Forward Tara Andrews led the league in goals scored with 18 and in points with 39. Fellow forward Alleandra Watt tied for 14th in points with 16 and 7th in assists with 4. Midfielder Laura Kane also has 4 assists. Goalkeeper Britt Eckerstrom is second in the league in GAA, barely behind Beanlands at 0.635.

Defender Sophie Howard was named to the Western All-Conference Team, while Andrews and Eckerstrom were named both All-Conference and All-League.

Three players on the team should be familiar to DC fans. Midfielder Holly King played for both the W-League DC United Women (in 2012) and the professional Washington Spirit (in 2013).
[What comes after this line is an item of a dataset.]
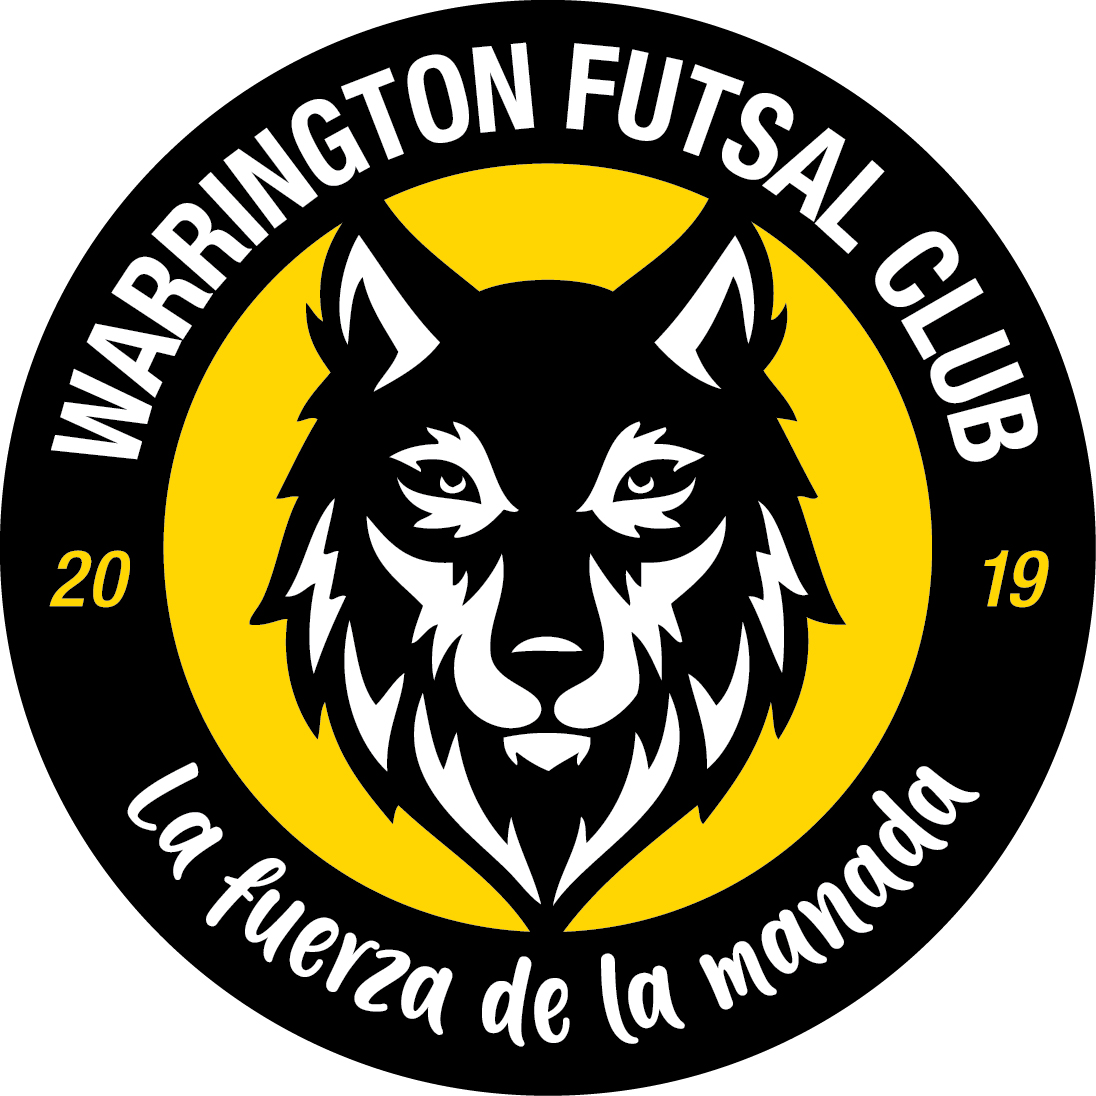 Warrington Futsal Club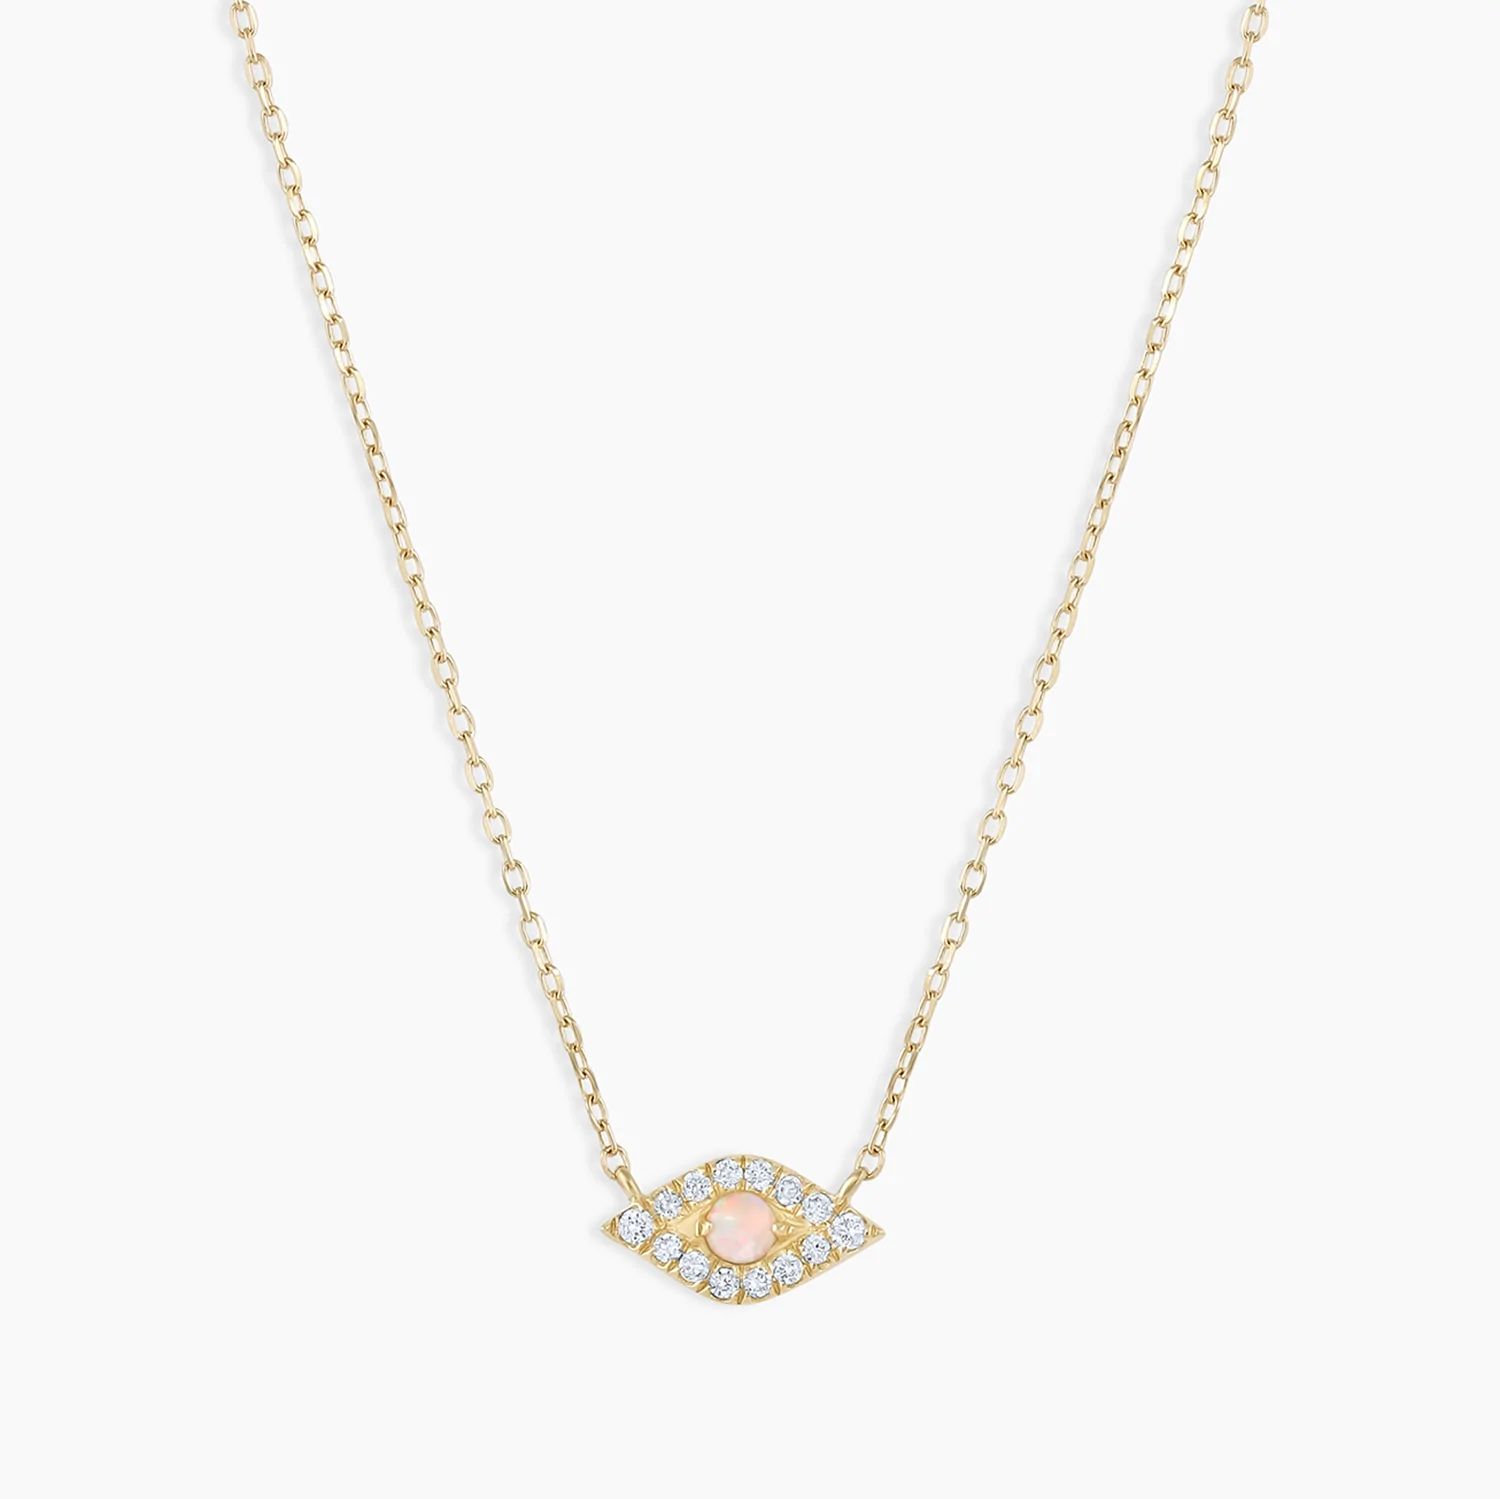 Diamond Evil Eye Necklace in 14k Gold, Women's by gorjana | Gorjana

Eckerstrom also played for the DC United Women in 2012. Kane played for the ASA Chesapeake Charge in 2012 and 2013. She was named the WPSL East Conference Player of the Year for leading the Charge to an undefeated season in 2013.

Washington Spirit Reserves

Record: 9-0-3.
Seeded: #1
How qualified: Southeastern Conference champion.
Twitter handle: @WSReserves.

The Spirit Reserves were established in 2011 as the DC United Women, then were renamed as the amateur arm of the professional Spirit in 2013. They have made the playoffs every year but the first, getting to the championship last year and the Final Four the two years before that.

This year they went undefeated in the toughest conference in the league, finishing just one standings point ahead of the second-place Charlotte Lady Eagles, who would likewise have been the #1 seed in the Final Four had they been able to displace the Reserves. They scored 38 goals while giving up 11, tied for the second stingiest defense in the league.

Washington scores by committee, with no standout star. Imani Dorsey and Meggie Dougherty-Howard tied for 10th in the league with 18 points as well as 9th in goals scored with 8, while Midge Purce is tied for 14th with 16 and is just barely behind with 7 goals.

Dorsey and Dougherty-Howard were named to the Southeastern All-Conference Team along with defender Carson Pickett. Dougherty-Howard was also named to the All-League Team.

Goalkeeper has also been a committee effort, which is less desirable. Unlike recent years they’ve had no regular goalkeeper like Adelaide Gay in 2014 or DiDi Haracic before then. Their main starter has been Katelyn Jensen, who just graduated from high school and heads to Kentucky in the fall. But even she’s only played about half the time, accumulating a 1.333 GAA, which would place her 7th in the league if she weren’t 10 minutes short of the qualifying level of participation. William & Mary’s Caroline Casey and Towson’s Erin Quinn (formerly of the ASA Chesapeake Charge) have filled in the remainder of the net duties.